Por sorte, não sou especialista. Donde prefiro usufruir da fotografia
do que lamentá-la. Numa época em que, à conta de proibições e
susceptibilidade, o “politicamente correcto”, ou, mais exactamente, a
cruzada moralista ameaça exterminar a comédia, exemplos de humor
involuntário como o referido não se devem desperdiçar. Se não as
tomarmos a sério, leia-se se não formos maluquinhos, a falta de noção de
ridículo que as tais deputadas demonstram é genuinamente engraçada,
daquela escola do burlesco que uma ocasião levou o falecido comentador
Luís Delgado a exigir numa crónica: “Basta, senhor Clinton. Demita-se!”.
Só não são impagáveis na medida em que lhes pagamos os salários.
Acto II
O sr. Trump discursou nas Nações Unidas e lançou uma bazófia que
motivou alguns risos na sala – inclusive o do próprio –, seguidos de
alguns aplausos. As rotativas, figuradas, pararam num ápice: segundo a
generalidade dos “media”, o mundo riu convulsivamente do sr. Trump. Não
importa que, no caso, “o mundo” se resuma a umas dúzias de diplomatas
obscuros. O que importa é mostrar que “o mundo” partilha o exacto
desprezo pelo sr.
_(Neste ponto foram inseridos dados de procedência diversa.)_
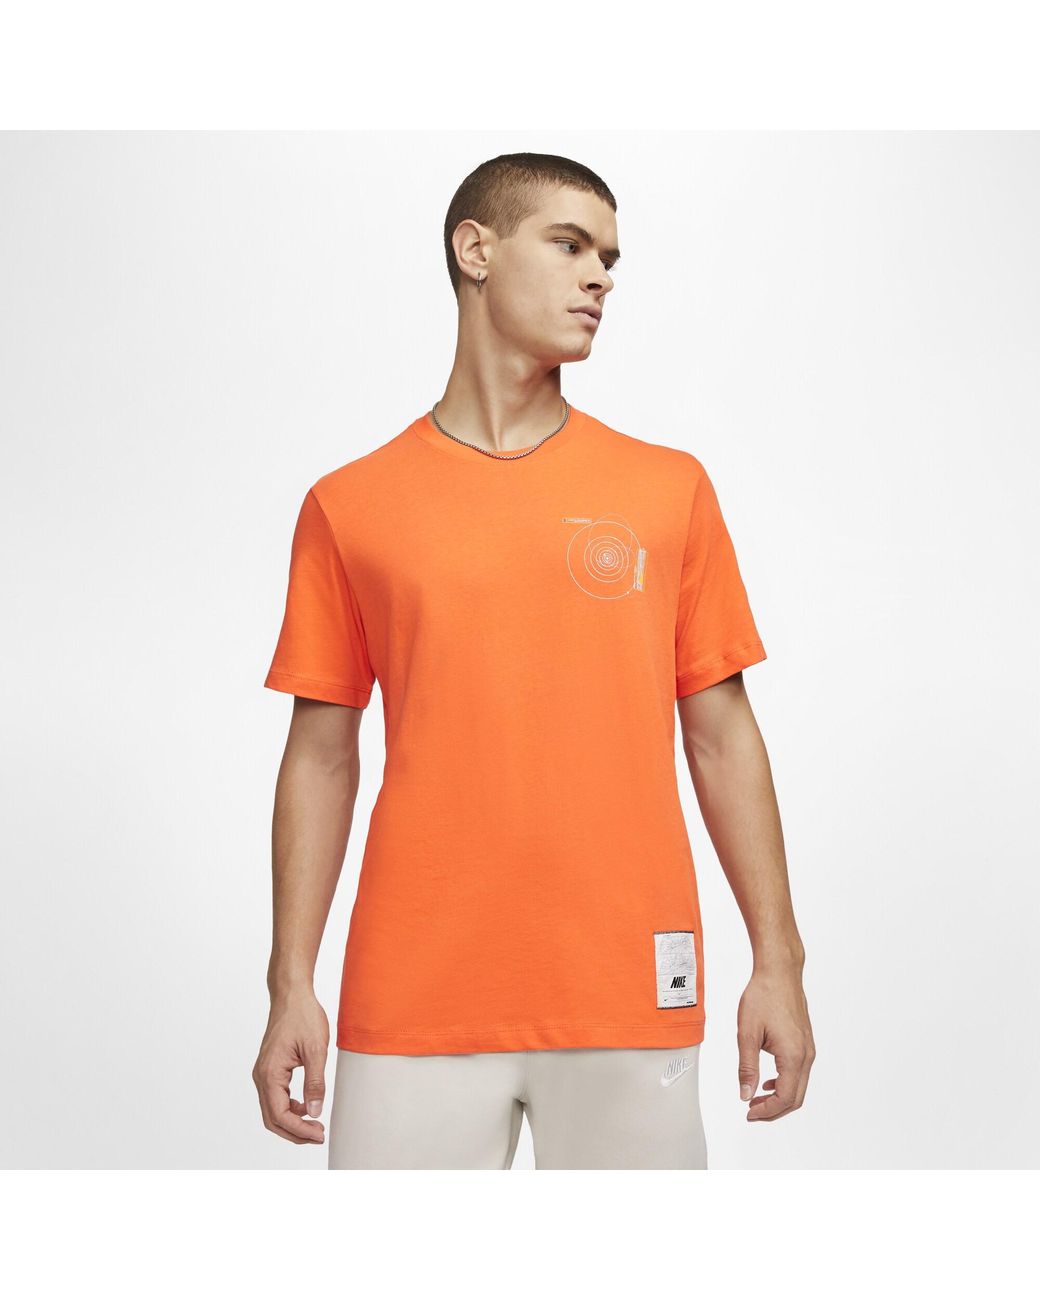 Nike Cotton Sn. 2020 T-shirt in Orange for Men - Lyst

Trump que leva certos jornalistas com agenda e
comediantes sem talento a torcer impecavelmente a informação até obter o
efeito desejado (os engajados não gostam de se engajar sozinhos).
De qualquer modo, a verdade é que a assembleia-geral da ONU se encheu
para assistir ao sr. Trump e, no dia seguinte, se esvaziou para não
assistir ao prof. Marcelo. Talvez os diplomatas receassem, em vez da
galhofa anterior, ser esmagados pela densidade intelectual do nosso
estimado presidente e arranjarem, no mínimo, uma hérnia. Fizeram bem.
Como nós sabemos e os estrangeiros pelos vistos suspeitam, o prof.
Marcelo já costuma exibir uma retórica riquíssima em clichés e
vacuidades. Em Nova Iorque, então, a solenidade do momento e a sala
repleta de moscas inspiraram-no a reforçar a dose, numa lengalenga
profunda a que não faltaram o “multilateralismo”, a paz, as “alterações
climáticas”, os refugiados, o eng. Guterres, a igualdade de género, o
sr. Mandela e os oceanos. Foi muito bonito. E um aperitivo para o
encontro ao mais alto nível com o presidente do Palau, que o mundo não
pára, leia-se não pára de rir do sr. Trump. E os portugueses riem ainda
mais, mesmo que não saibam do quê.
Acto III
Um sorteio, como nas rifas, enxotou o juiz Carlos Alexandre do
processo do “eng.” Sócrates. Convinha que a Justiça definisse um rumo, a
bem dos cidadãos. Falo, em particular, dos cidadãos que, ainda há
meses, julgaram que o caso estava perdido e desataram a confessar na
imprensa a traição que o “eng.” Sócrates lhes infligiu. É verdade que,
após longos anos a defender a seriedade do homem contra as “cabalas” da
praxe, a mudança estratégica caiu um nadinha aos trambolhões.
Entretanto, porém, já nos habituáramos à ideia de que as namoradas, as
viúvas, os discípulos, os simpatizantes e outros companheiros de luta do
Menino que Sonhava com Ventoinhas haviam de facto sido iludidos e nunca
sonharam nem com ventoinhas nem com as incontáveis falcatruas de que o
Menino é alegado autor. Agora, lá terão essas pobres almas que rever
novamente o texto e provar à humanidade que sempre estiveram ao lado do
Menino, um génio, um santo e o maior estadista a alguma vez ter
frequentado um apartamento do amigo Carlos. Ao trabalho, minha gente.